There is no player in the game quite like Watson, with his homemade swing, his hot-pink driver, his titanium-denting drives, his quirky follow-throughs and posturing and shuffling after impact. He calls the combination “Bubba Golf.” And there was no more fitting example of “Bubba Golf” than his approach shot on the par-4 10th, during the second hole of the playoff with Oosthuizen. After sending his tee shot into the right trees, Watson approached his ball on a bed of pine needles, saw a gap in the trees and knew the shot he wanted to pull off: about 155 yards, 52-degree gap wedge, aim left, hook it 40 yards back toward the middle of the green. “Pretty easy,” Watson said, smiling.

Said Oosthuizen: “I had no idea where he was. ... An unbelievable shot.”

During a day full of them: A nervous 54-hole leader (Peter Hanson) shanked his tee shot on 12; a happy-go-lucky pursuer (Matt Kuchar) nearly holed out for double eagle himself, on the par-5 15th; and two players (Adam Scott and Bo Van Pelt) made aces on the vulnerable 16th.

The most bizarre shot, perhaps, was Phil Mickelson’s tee shot on the par-3 fourth.

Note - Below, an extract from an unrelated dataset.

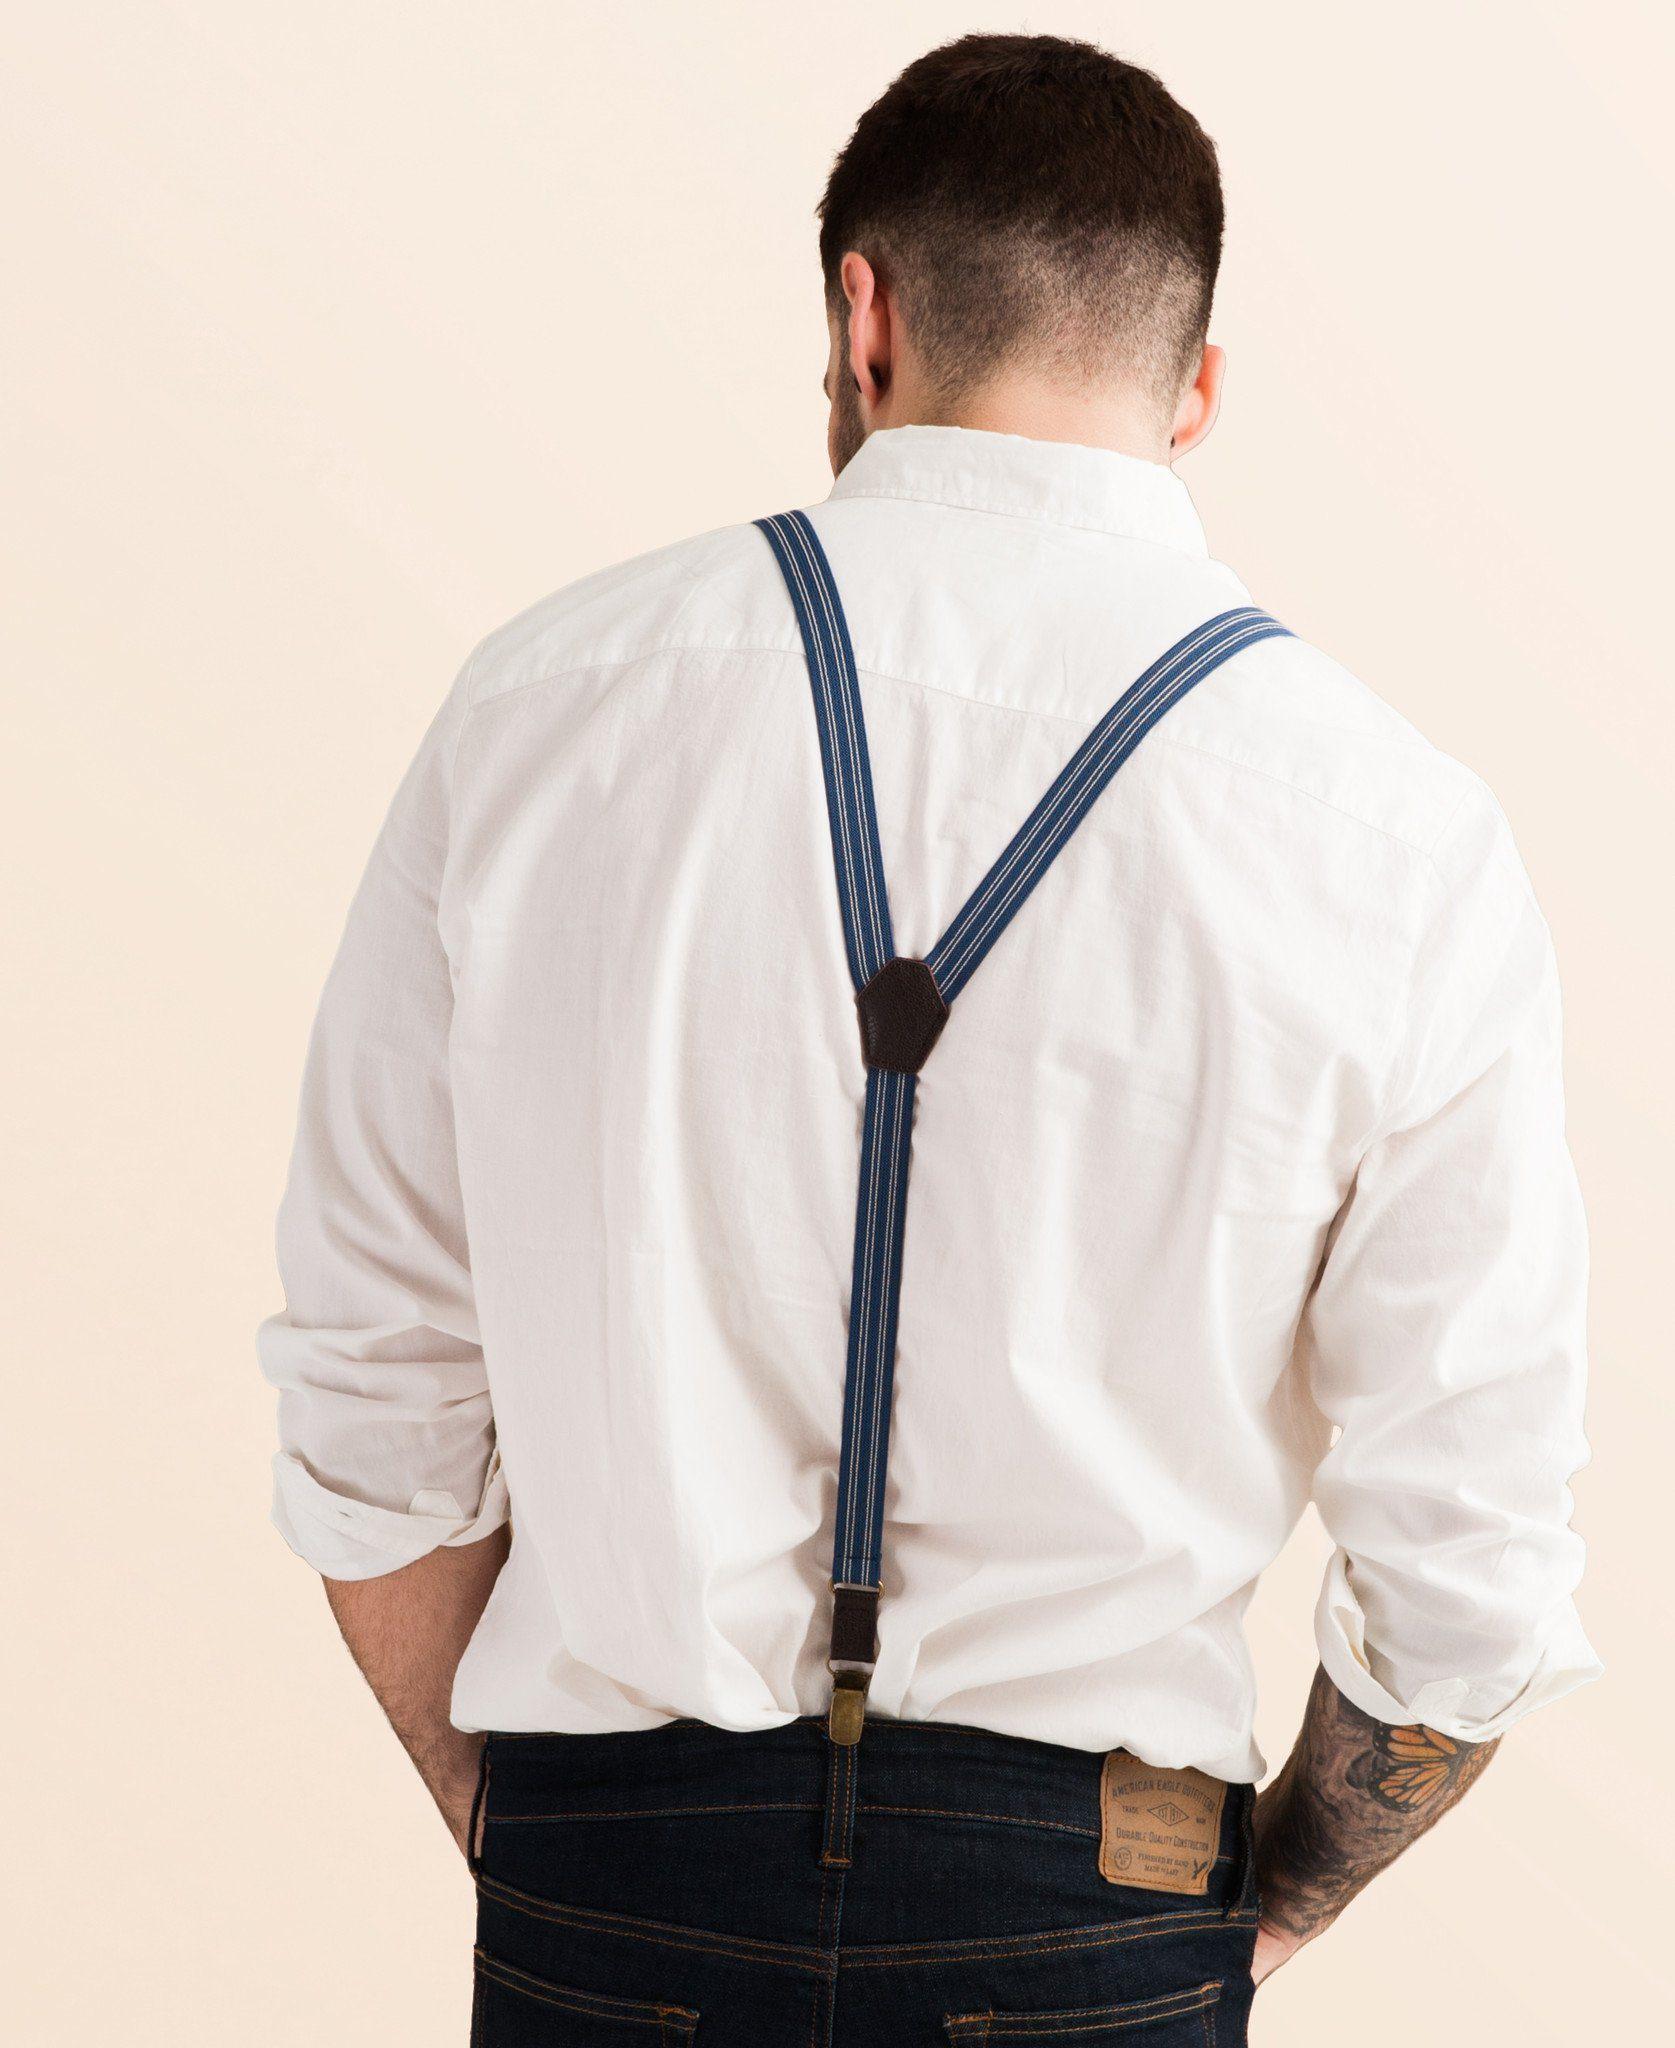 JJ Suspenders Scholar - Navy Blue Pin Striped Suspenders

Briefly morphing into his alter-ego, “Phil the Thrill,” Lefty caromed his ball off a grandstand railing and into the bamboo left of the cart path. He hit two shots right-handed, leading to a triple bogey (his second of the week) and essentially ending his bid for a fourth green jacket. “What will I take from today?” Mickelson asked, repeating the question. “Third place. It’s not what I was hoping for.”

The most spectacular shot, no doubt, was Oosthuizen’s hole-out from 235 yards with a 4-iron on the second hole. In Oosthuizen’s group, Watson contemplated his next move after seeing the albatross. “I told him I wanted to run over there and give him a high-five,” he said. “I mean, he’s getting crystal.”

Bubba got much more than that, of course, to the delight of the partisan crowd that cheered “Go Dawgs!” and whoof, whoof, whoofed as Watson slipped on the green jacket.

They, too, see the goofy Bubba: the one who plays video games with his buddies, who owns the original General Lee car, who tweets prolifically, who chips both outside – and inside – his rented house in Augusta.

“He is who he is,” Fowler said, “and he doesn’t try to be someone else. He doesn’t put an act on. He’s just him. You either like him or you don’t.”

What this means now is that Bubba from Bagdad, Fla., is headed for Madison Avenue. So, he was asked, how high is the ceiling?

“I’m a major champion,” Watson said, “so I think I’m done, right? I can’t do anything better than this.”